4. Drink lots of fluids
When the mucous membranes in your mouth, nose, and throat are dry, it's easier for germs to latch on to them. Drink at least eight 8-ounce glasses of water and other beverages, such as juice, each day. (Limit caffeine because it dehydrates you.) A cool-mist humidifier will also keep mucous membranes moist, but run it only while you sleep — a too-humid environment may cause fungi to proliferate, possibly triggering an allergic reaction.

5. Get an annual flu shot
It doesn't just protect against the flu; the flu vaccine can also prevent influenza-related pneumonia, ear infections, and sinusitis, notes Carolyn Bridges, M.D., a medical epidemiologist at the influenza branch of the Centers for Disease Control and Prevention (CDC), in Atlanta. In fact, people who got a flu shot made 42 percent fewer visits to their doctors for flulike illnesses over a two-month period during flu season than people who weren't inoculated, according to researchers at the CDC. The CDC now recommends flu shots for anyone age 50 and older (though it can certainly help younger people, too), as well as for pregnant women who will be in their second or third trimester during the flu season, people whose immune systems are weak, and health-care workers. Ask your doctor if you could still benefit from the flu shot this winter; if it's too late, make sure you get one next flu season.

6. Reduce stress
The evidence that stress can weaken your immune system is very persuasive. Researchers at Carnegie Mellon University, in Pittsburgh, assessed the stress levels of about 400 healthy adults and then exposed them to the rhinovirus. It turned out that those who were the most frazzled were twice as likely to end up with a cold. And experts at Ohio State University in Columbus report that the pneumonia vaccine can be less effective in older people who are under stress when they receive it.
Though everyone feels stress occasionally, it's important to unwind.
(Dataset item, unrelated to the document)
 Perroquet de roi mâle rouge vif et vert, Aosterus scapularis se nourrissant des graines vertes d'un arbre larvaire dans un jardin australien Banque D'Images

Meditation works for some people, but little treats — such as sneaking in a midday movie or indulging in a long lunch — can also help to keep you cold- and flu-free.
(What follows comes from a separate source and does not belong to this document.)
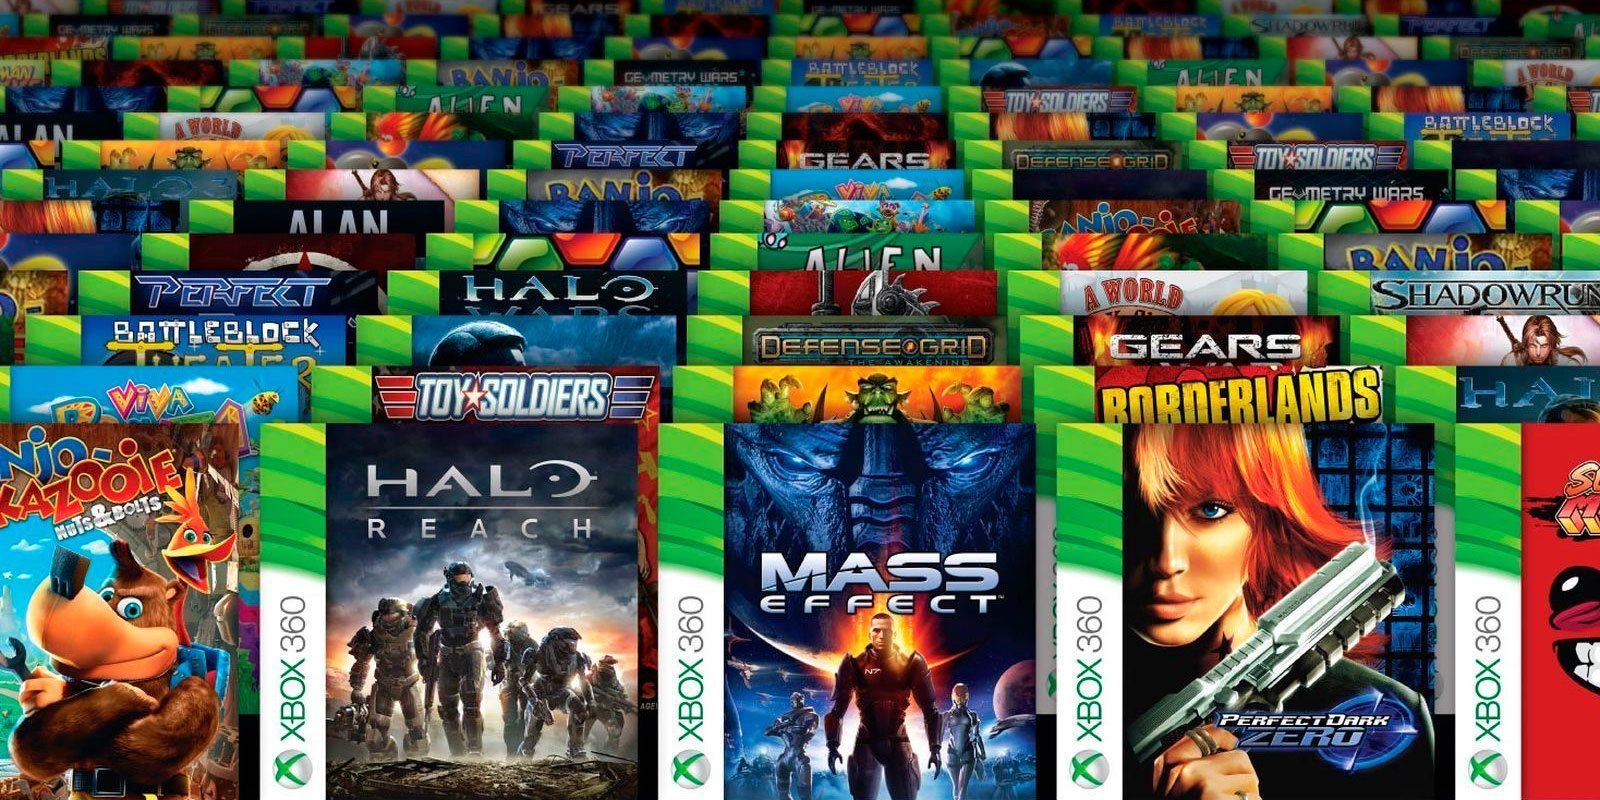 La retrocompatibilidad de Xbox ya supera los mil millones de horas jugadas

7. Surround yourself with friends
Just as stress can undermine your immune system, having a strong social network can boost it. A ten-year Stanford University study found that women with breast cancer who joined a support group had better prognoses than women who did not belong to such a group.
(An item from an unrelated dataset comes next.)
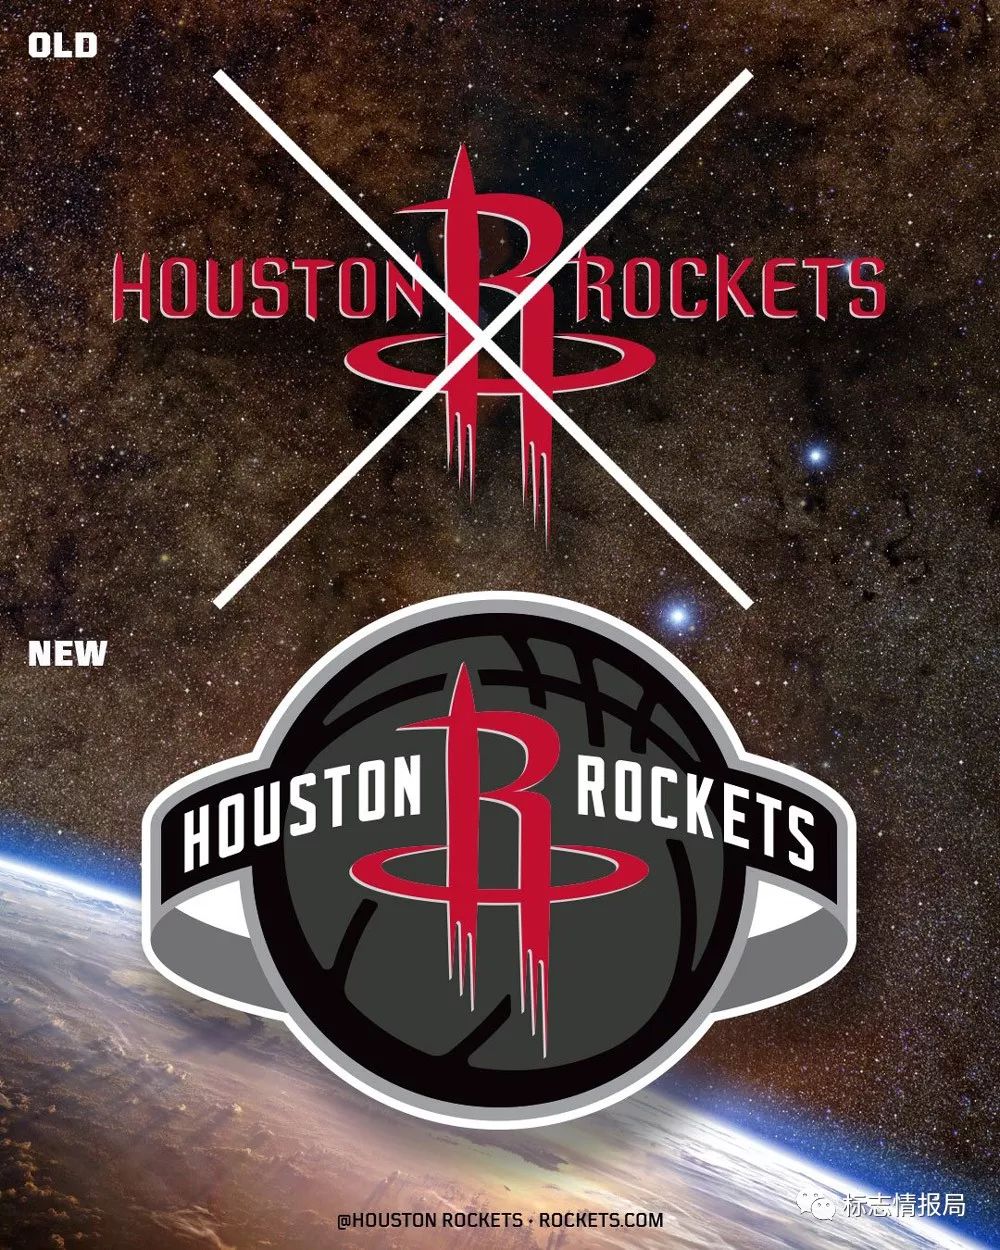 nba火箭队新logo设计, 新旧对比分析

The benefits of having a social life extend to battling minor illnesses as well. When researchers at Carnegie Mellon University gave nearly 300 people nasal drops that contained the rhinovirus, they found that those with only one to three social relationships were four times more likely to come down with a cold than those who had six or more friends.

8. Exercise regularly
"It may optimize your body's defenses against illness," says the Mayo Clinic's Dr. Hagen. The American College of Sports Medicine recommends that you exercise for 30 minutes on most, if not all, days of the week, to lower your risk for respiratory infections. If you happen to catch a cold, you may recover faster if you're fit. Researchers have found that cold symptoms lasted half as long in women who walked for 45 minutes per day, five days a week, as they did in women who were sedentary.